IMPORTANT NOTE (May 31, 2019)
Thanks to the long-suffering efforts of Jeff Dullnig, I've discovered that when parsyncfp goes thru multiple suspend/unsuspend cycles, it fails to correctly rsync all the src files to the target.
If the '--maxload' option is kept high enough to avoid any suspensions, it syncs correctly.
If you're using parsyncfp now, please be aware that if forked rsyncs cycle thru suspend / unsuspends you will probably not end up with a correct target. I'll be working on this to determine if it can be fixed or if that 'feature' has to be removed.
- added explicit GPL v3 licence
- added a better measurement of TCP bytes sent (via /proc/net/dev)
- added attempt at measuring RDMA bytes sent by using 'perfquery'; looks like it's doing what it's supposed to.
- Bungled a commit. This one should straighten is out.

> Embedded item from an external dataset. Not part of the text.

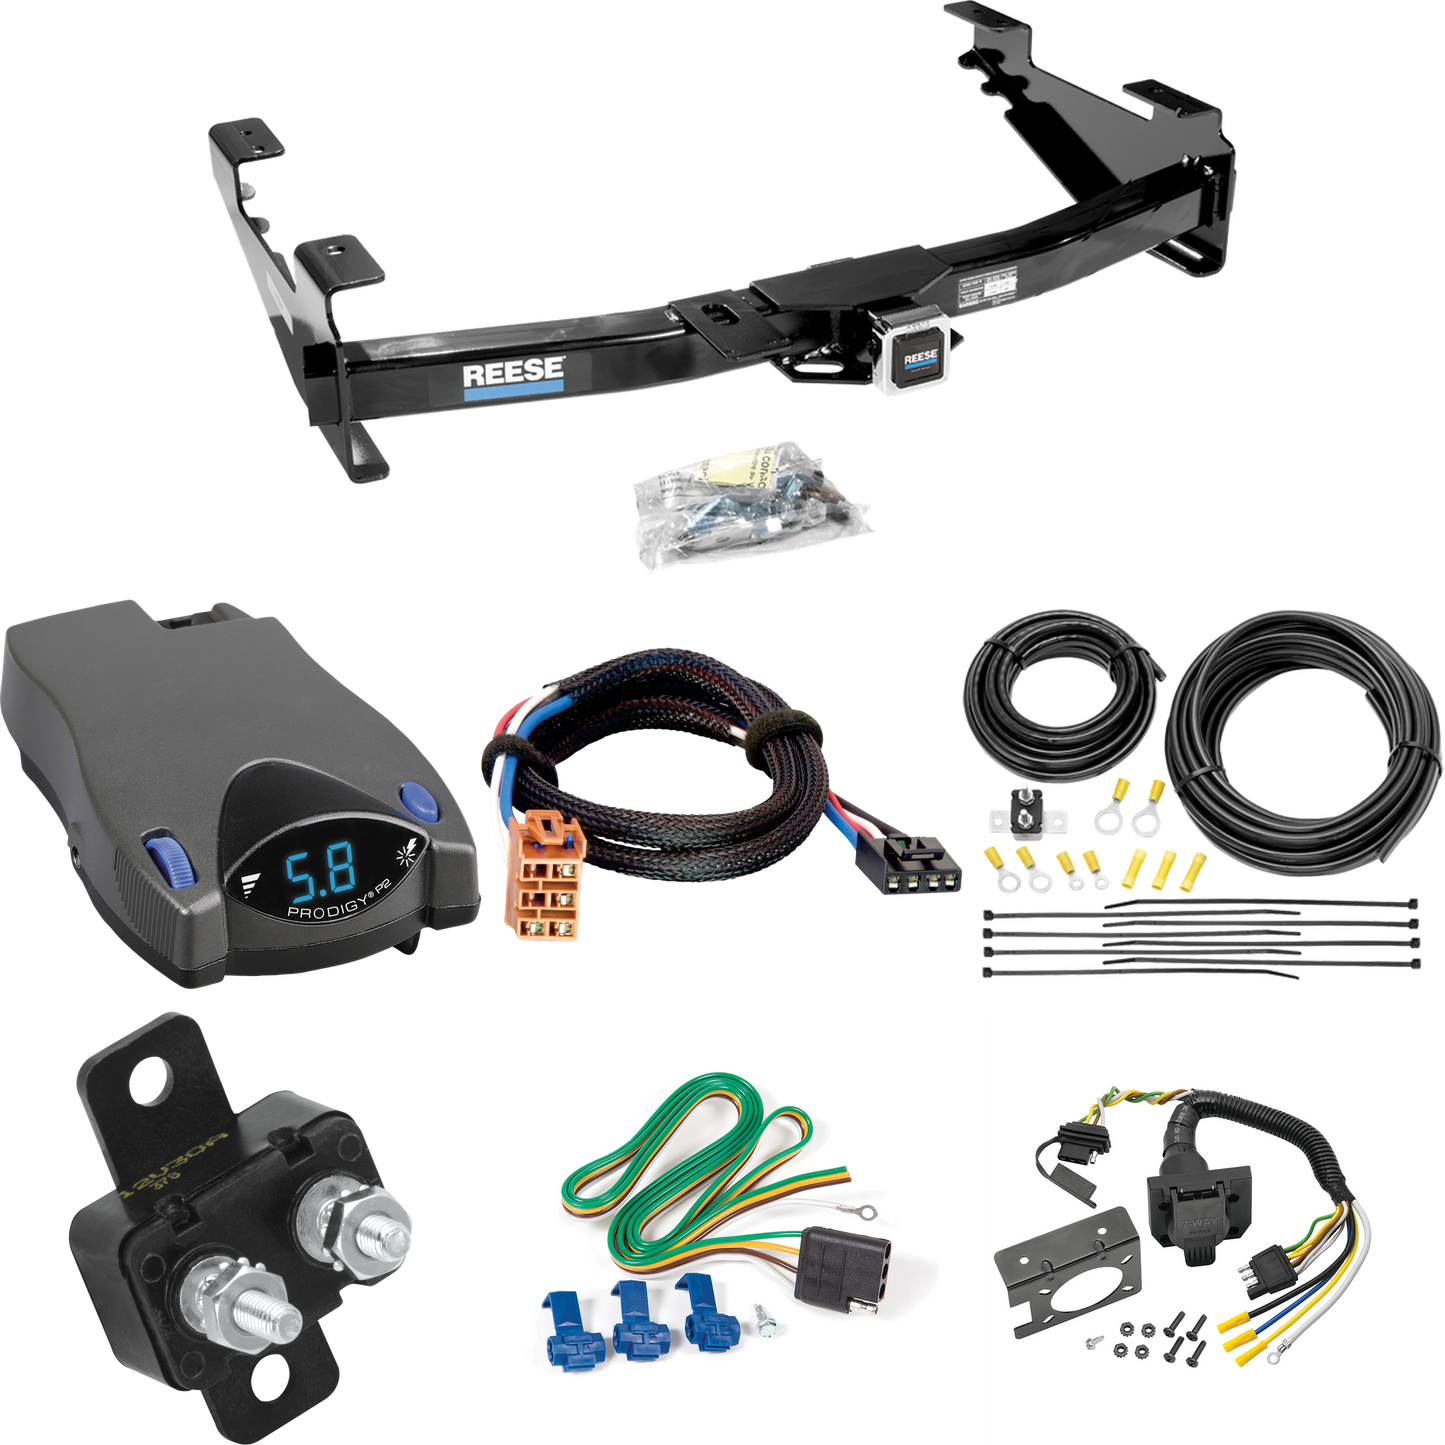 Fits 2003-2007 GMC Sierra 3500 Trailer Hitch Tow PKG w/ Tekonsha Prodigy P2 Brake Control + Plug & Play BC Adapter + 7-Way RV Wiring (For (Classic) Models) By Reese Towpower

- removed internal space handling for target names since this interferes with multiple dir targets. Have to re-think this.
- fixed Ken Bass' bug where trimming dir name was not constrained to front of the string and could lead to problems if dir was names something like '/data/rna/hjm/rnaseq/data/something/version/data/smith' if the leading name was '/data/' the condensed, trimmed dir was changed to 'rna/hjm/rnaseq/something/version/smith' ie removal of ALL 'data/'
- fixed finding top level targets with embedded spaces - had to trim spaces and escape filenames going into fpart.
- many verbosity fixes
- some changes to ending text to reference both rsync and fpart logs
- changed format of output to add elapsed time, changed date format
- code cleanup
- fixed bandwidth speed calculation
- updated help and fixed some inaccuracies for latest version.
- added (declinable) scripted mod to ~/.ssh/config to reduce ssh warnings
- made it variably verbose (--verbose)
- adjusted ending conditions to be accurate
- some code cleanup. getting there.
- added checks for multihomed devices.